**GIVEN DATA**
┌──
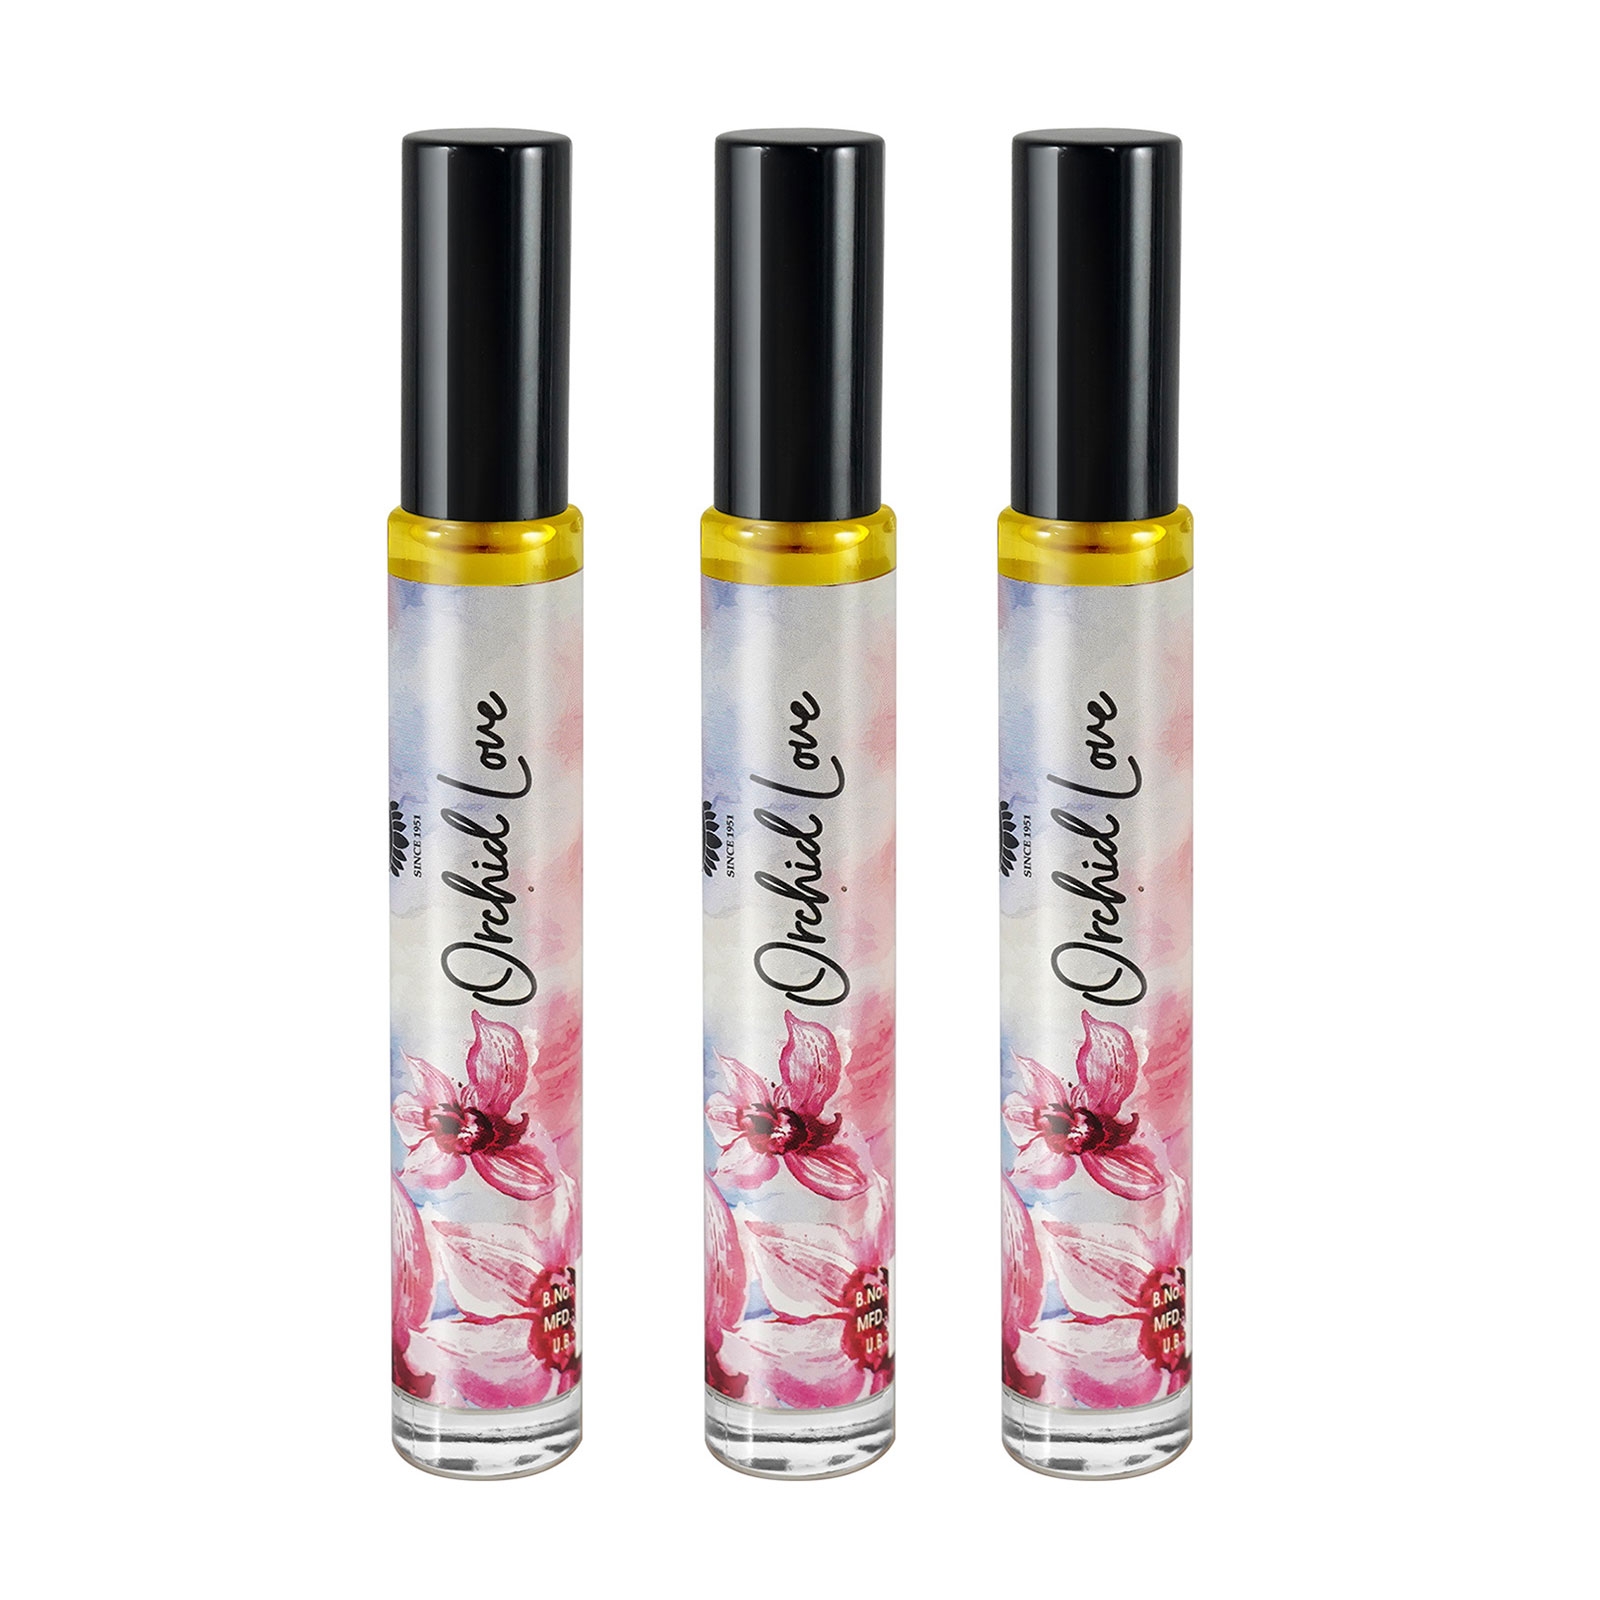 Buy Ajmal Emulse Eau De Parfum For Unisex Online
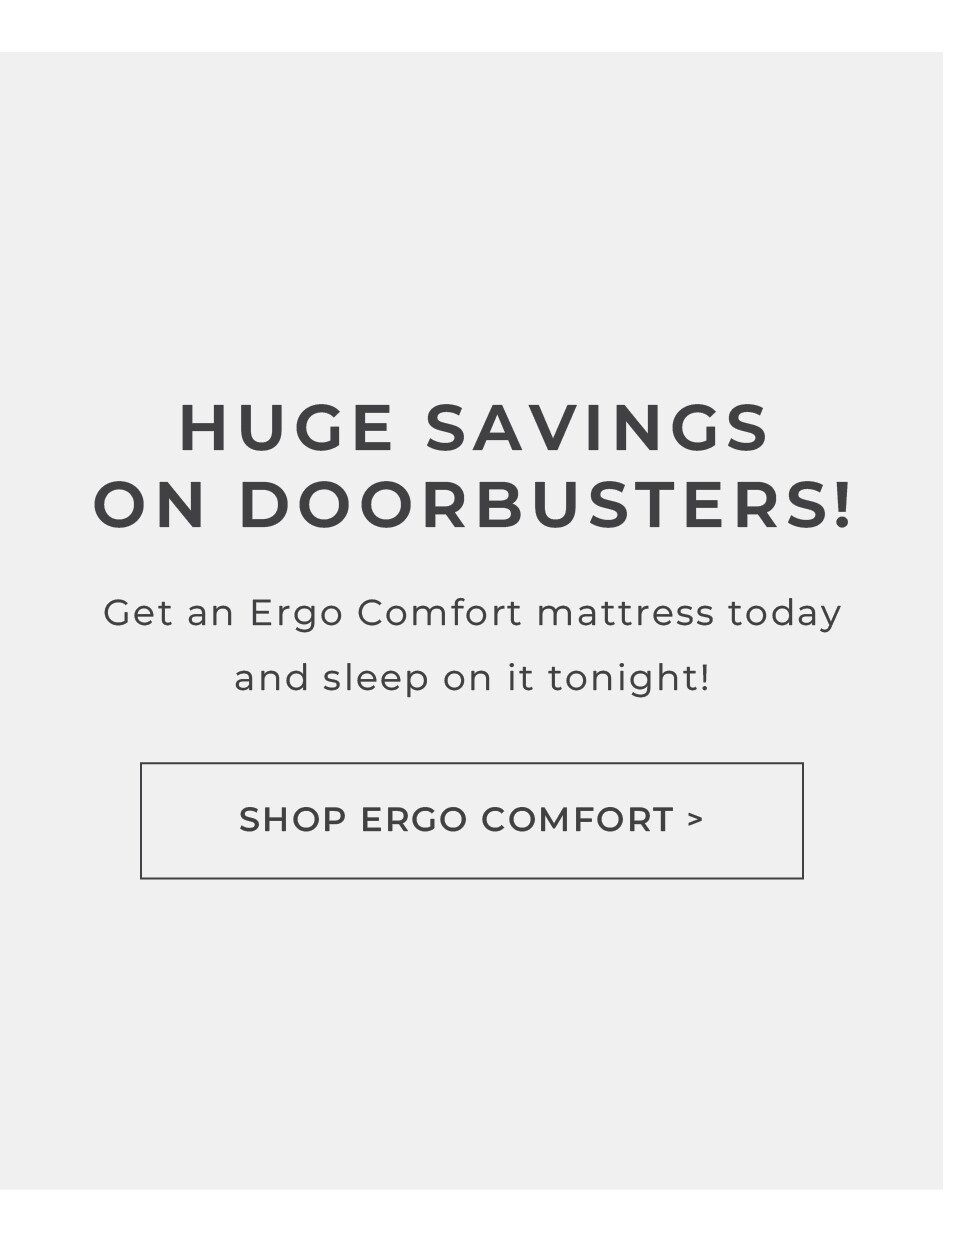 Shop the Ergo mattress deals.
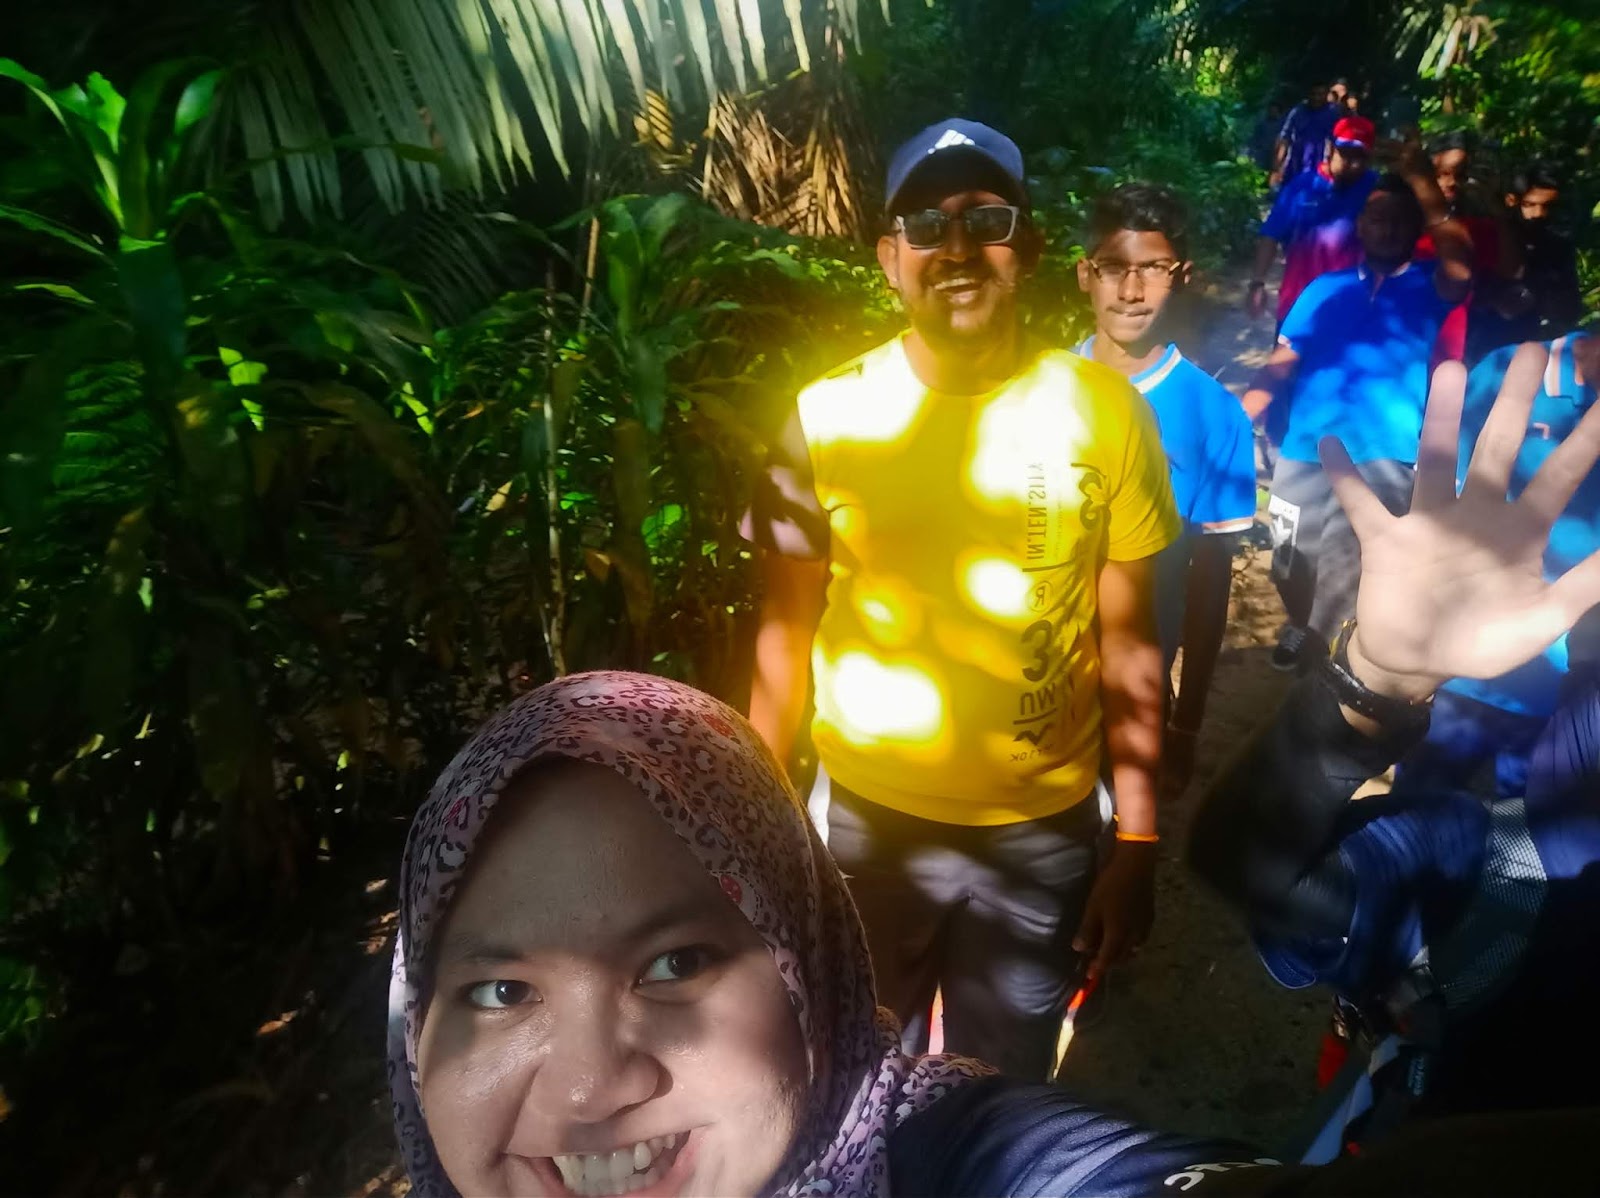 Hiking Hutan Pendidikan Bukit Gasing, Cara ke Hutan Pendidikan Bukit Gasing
└──
**WORK ITEM**
Give all of the material again, exactly, apart from the pictures.

**OUTPUT**
 Buy Ajmal Emulse Eau De Parfum For Unisex Online
 Shop the Ergo mattress deals.
 Hiking Hutan Pendidikan Bukit Gasing, Cara ke Hutan Pendidikan Bukit Gasing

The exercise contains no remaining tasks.